Лёха с нею был знаком, даже выпивал, но не более, так как его курдун (мелкий, кривой огурец) её не интересовал. Мадам бала полновластной хозяйкой сего банно-прачечного комбината и, пользуясь своим положением, наглым образом осматривала купающихся гвардейцив, и по заверению самого Лёхи не было у него не единого шанса, но надежда была (надежда умирает последней). Хоть природа и посмеялась над нашим героем ограничивши размер его пятой конечности, но серого вещества было пока в избытке (закон сохранения энергии), вот это вещество и сказало Лёхе, что немедля нужно бежать к гарнизонному сортиру, где молодое пополнение разгружалось домашними пирожками. Надо сказать что советска власть уделяла внимание больше вооружению чем быту в СА (служить призваны, а не срать), и солдатские сортиры того времени не отличались большим изыском (я то-же такими пользовался), представляли из себя типовое кирпичное строение с бетонным полом в котором зияли прямоугольные "очки", огороженные друг от друга метровой в высоту кирпичной кладкой двери вообче не были предусмотрены (кого стесняца).
Вот Лёха и решил, что сие поможет ему отыскать нужный экземпляр ключа. Как оказалось его и искать не надо, двое Лёхиных дружков, которые обладали всем, окромя мозгов (в армии они не всем нужны), стояли с округлыми глазами напротив одной из "кабинок" и показывали туда пальцами, а в ней восседал лысый рекрут, у которого требуемый ключ к каптёрке был такой величины, что край ёго исчезал где-то там в "очке".

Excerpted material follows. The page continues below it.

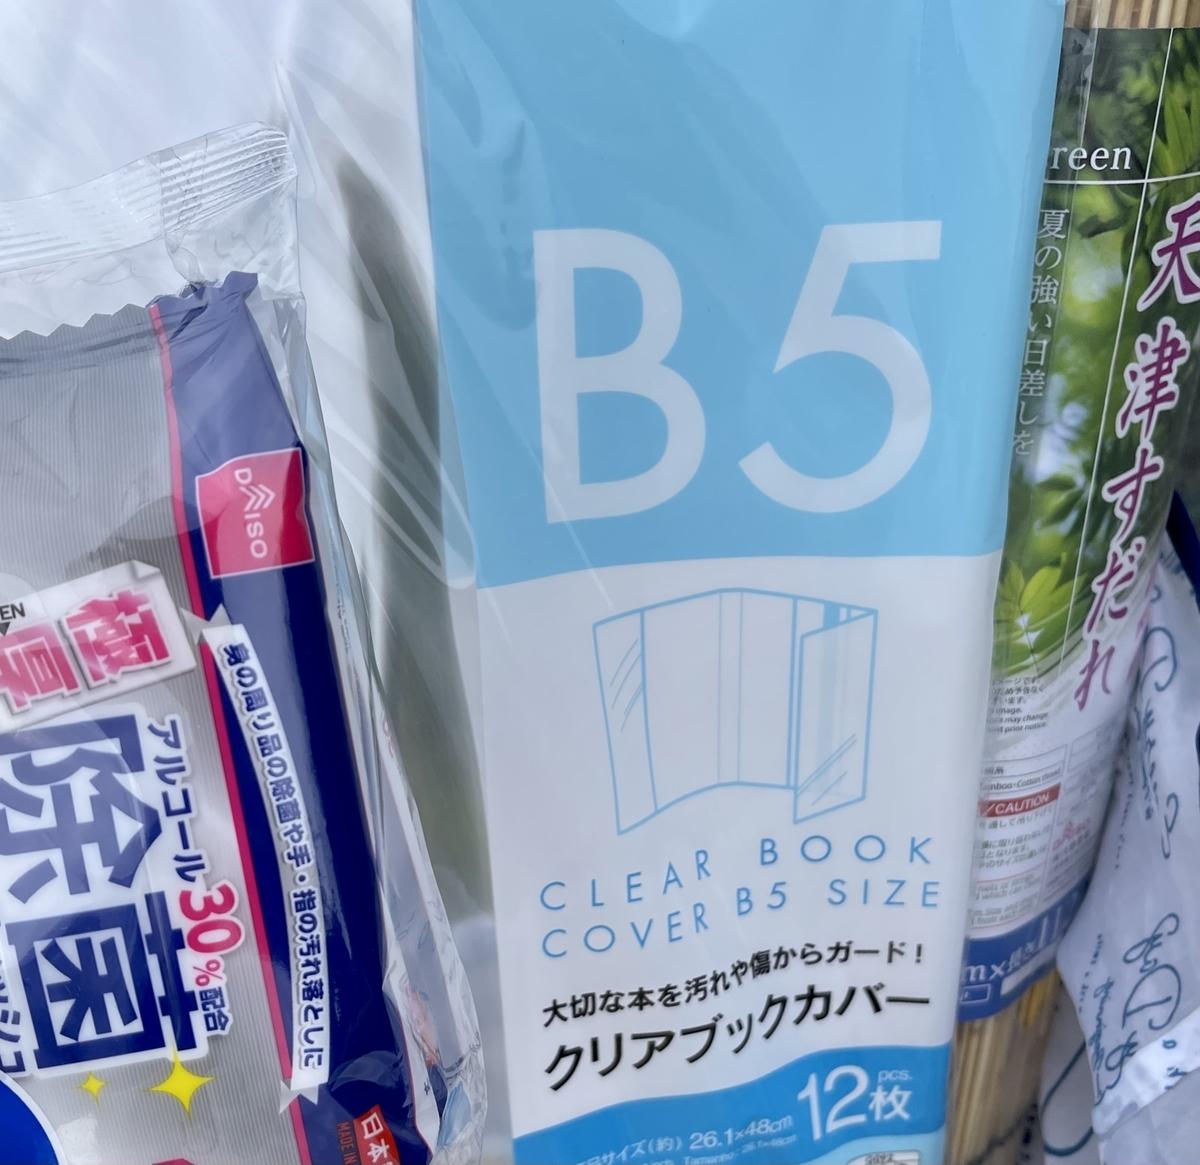 f:id:hideaki_kawahara:20210714213657j:plain:w320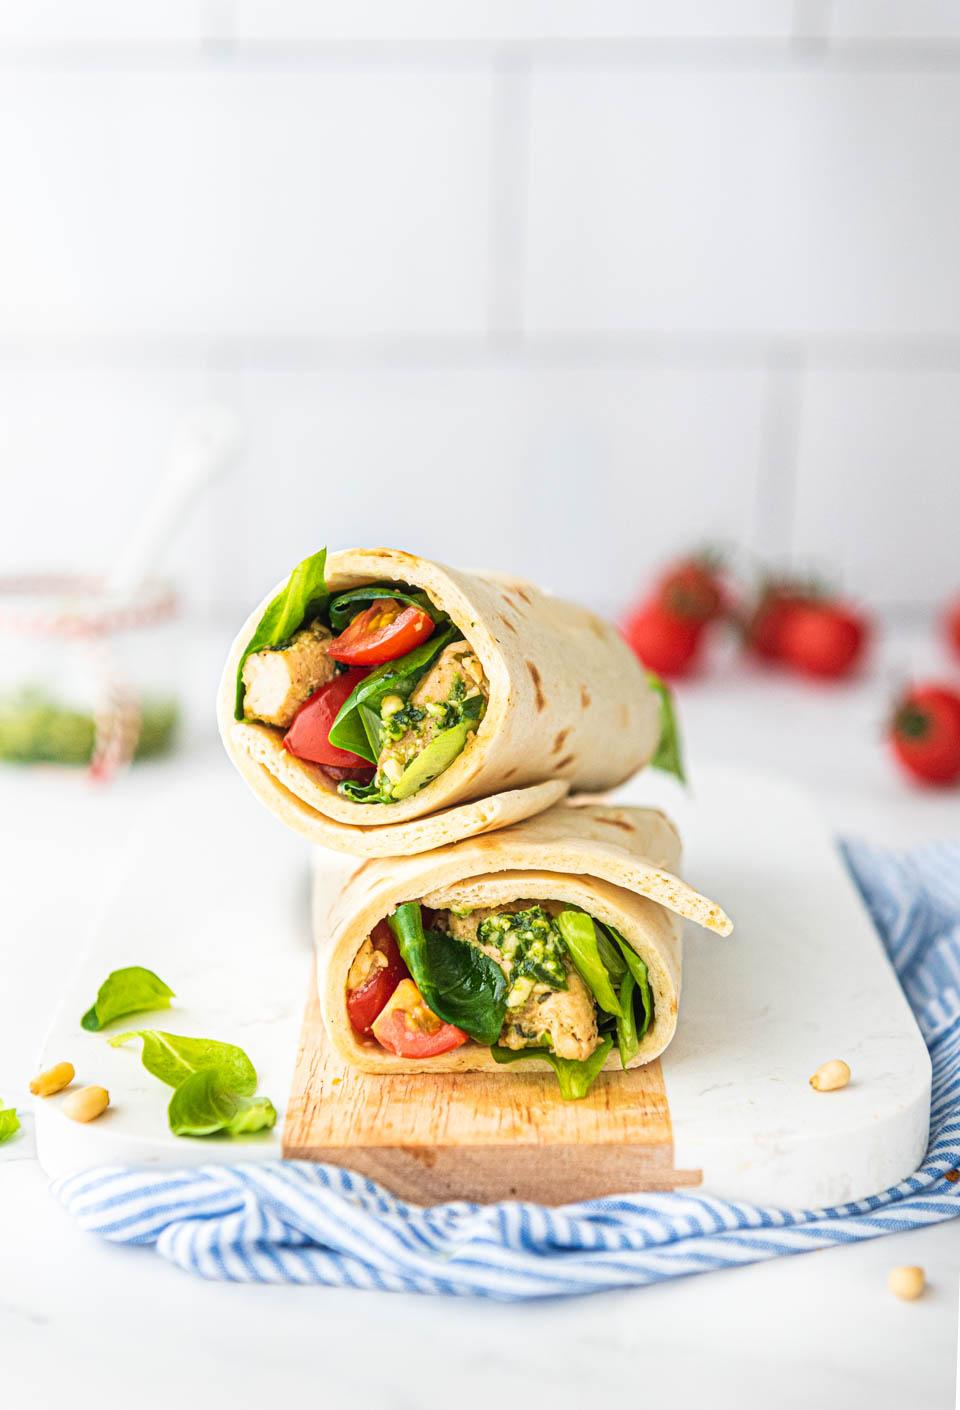 Makkelijke maaltijd- snelle wraps met kip en pesto

Перепуганного, ничего, не соображающего новобранца поволокли в баню, где он был представлен хозяйке, а так же предложены условия договора, по которым Лёха заполучит пару белоснежных кальсон нужного размеру. Каптерщица сказала что "конёк" не объезженный, надо его ещё проверить, и на это ей надо часок. "Кабы не надула", - подумал Лёха, с надеждой смотря на замочную скважину, но хитрая бабёнка выперла их вообче из бани и закрыла на засов дверь, напоследок наказав сходить передать, что парняга помогает комплектовать бельё для пополнения. "Щас", - сказал Лёха, - "разбежался", с тоской глядя на окна второго этажа, и принялся лихорадочно искать выход из положения, который валялся за баней в виде длинной гниловатой лестницы. По утверждению самого Лехи его, как истинного художника, в отличие от подельников, порнуха не интересовала (лукавил змей, знал про лестницу) - ну может был грешок, и то ради натуры к будущим картинам (художнику усё треба знать), но здесь могли и кинуть так шо требовались факты.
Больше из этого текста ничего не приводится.